The quality of integrity - a review of the Court of Appeal’s decision in Wingate and Evans v SRA; SRA V Malins [2018] EWCA Civ 366 in the context of Legal Services Regulation

13 March 2018

Shockwaves (at least within the professional discipline world) followed the recent decision in Malins v SRA [2017] EWHC 835 (Admin) as the very existence of a “lack of integrity” offence hung in the balance (see earlier blog by Iain Miller, Lack of Integrity – Has it just been abolished?).  This break with tradition was, however, short lived and the combined appeal of Wingate and Evans  v SRA; SRA V Malins [2018] EWCA Civ 366 has now restored much of the status quo. But what is this “nebulous” concept of integrity in the context of the SRA’s Code of Conduct? What does that mean for solicitors, barristers and legal executives trying to uphold it?

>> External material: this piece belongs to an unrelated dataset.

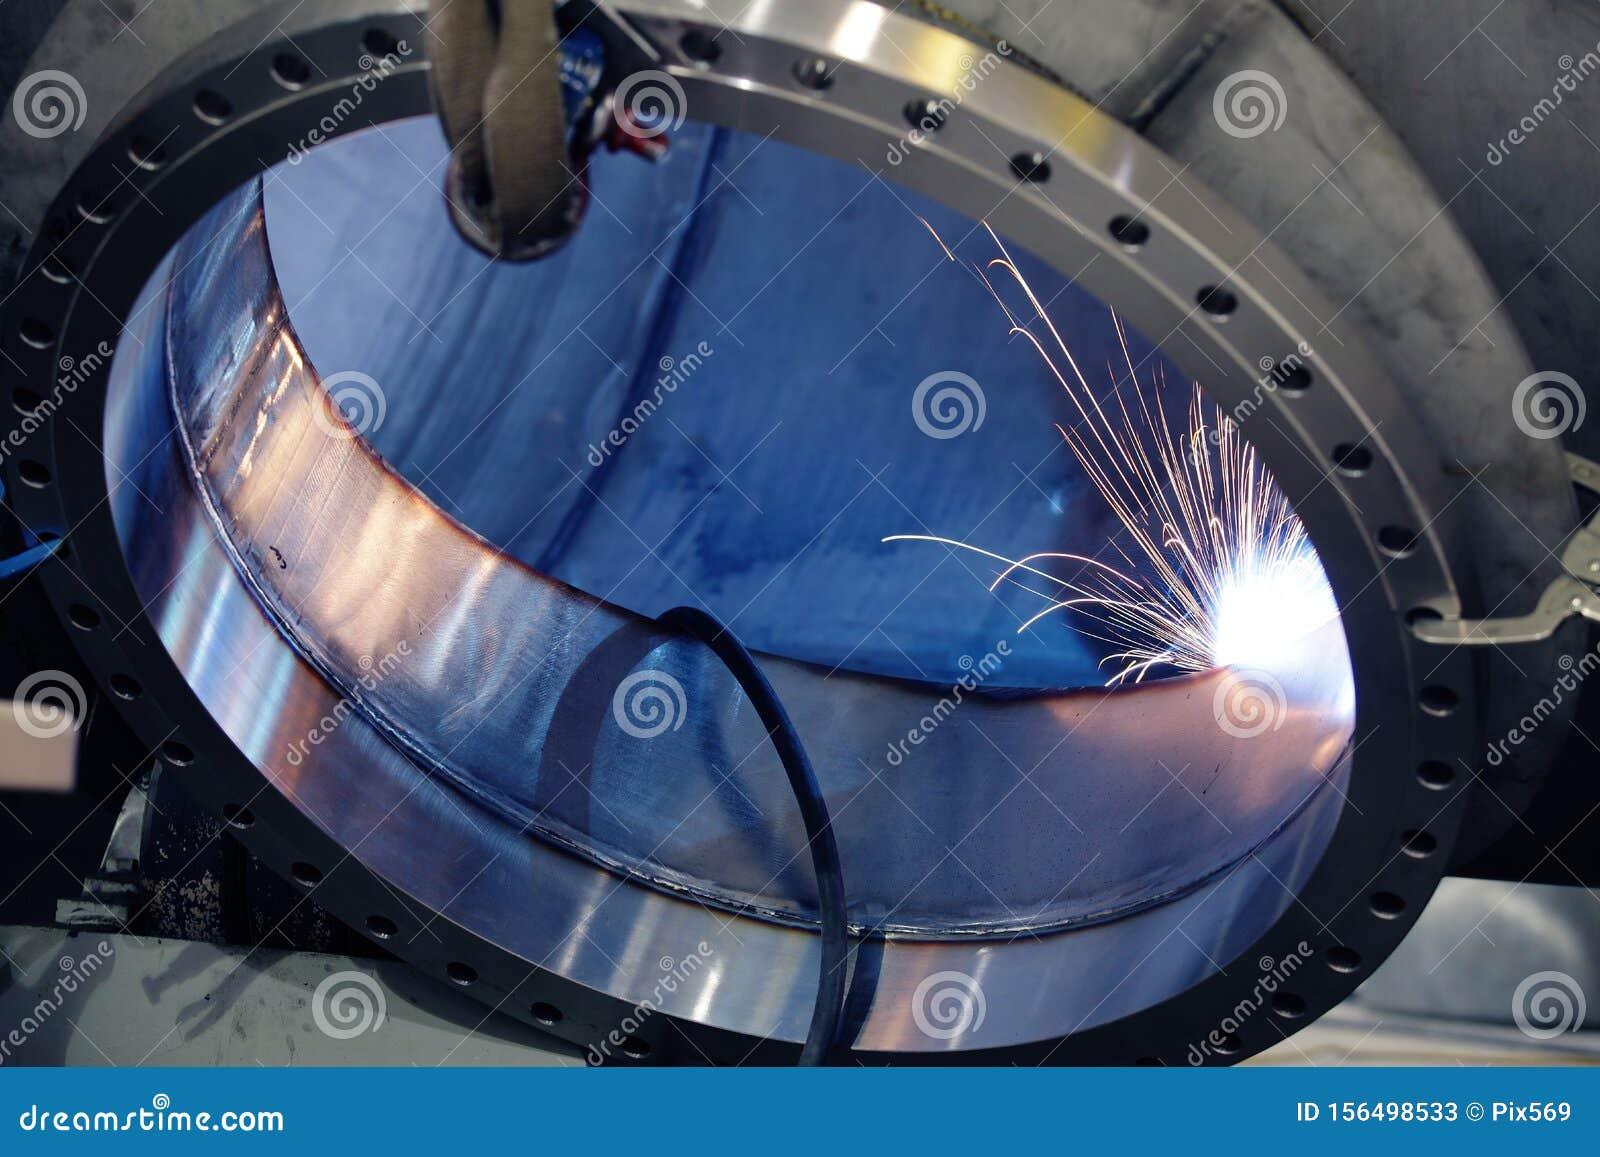 A welder welding a port onto a pressure vessel in a metal fabrication shop.

In this case, the Court of Appeal considered two separate appeals, both linked to the meaning of integrity and dishonesty. Wingate and Evans, in short, involved a partner of a law firm signing a loan agreement, knowing that he could not meet the terms of the contract, and assuming that it would be superseded by another version that had been agreed orally. At first instance, the SDT found that signing the ‘sham’ funding agreement amounted to a lack of integrity, a concept which involved only one objective test. The Respondents unsuccessfully appealed this decision in the High Court.

Similarly, Malins involved a partner backdating a letter and sending it to the other side in order to recover an ATE premium where the original form had been lost. A finding by the SDT against Mr Malins was subsequently overturned by the High Court, which held that dishonesty and lack of integrity were synonymous, and that the SRA’s failure to plead dishonesty in the first instance meant that the matter needed to be re-tried.

The cases were listed together in the Court of Appeal which enabled the Court to conclude definitively that, although linked, ‘lack of integrity’ did not equate to dishonesty.

Integrity defined

Lord Jackson’s judgement reviewed a historic catalogue or “kaleidoscope” of cases touching on the meaning of integrity and how it could be distinguished from dishonesty. He cited Newell-Austin v Solicitors Regulation Authority [2017] EWHC 411 (Admin), in which integrity amounted to “moral soundness, rectitude and steady adherence to an ethical code”. Bolton v Law Society [1994] 1 WLR 512 also cited, went further, with Sir Bingham MR arguing that:

(a)ny solicitor who is shown to have discharged his professional duties with anything less than complete integrity, probity and trustworthiness must expect severe sanctions to be imposed upon him by the Solicitors Disciplinary Tribunal”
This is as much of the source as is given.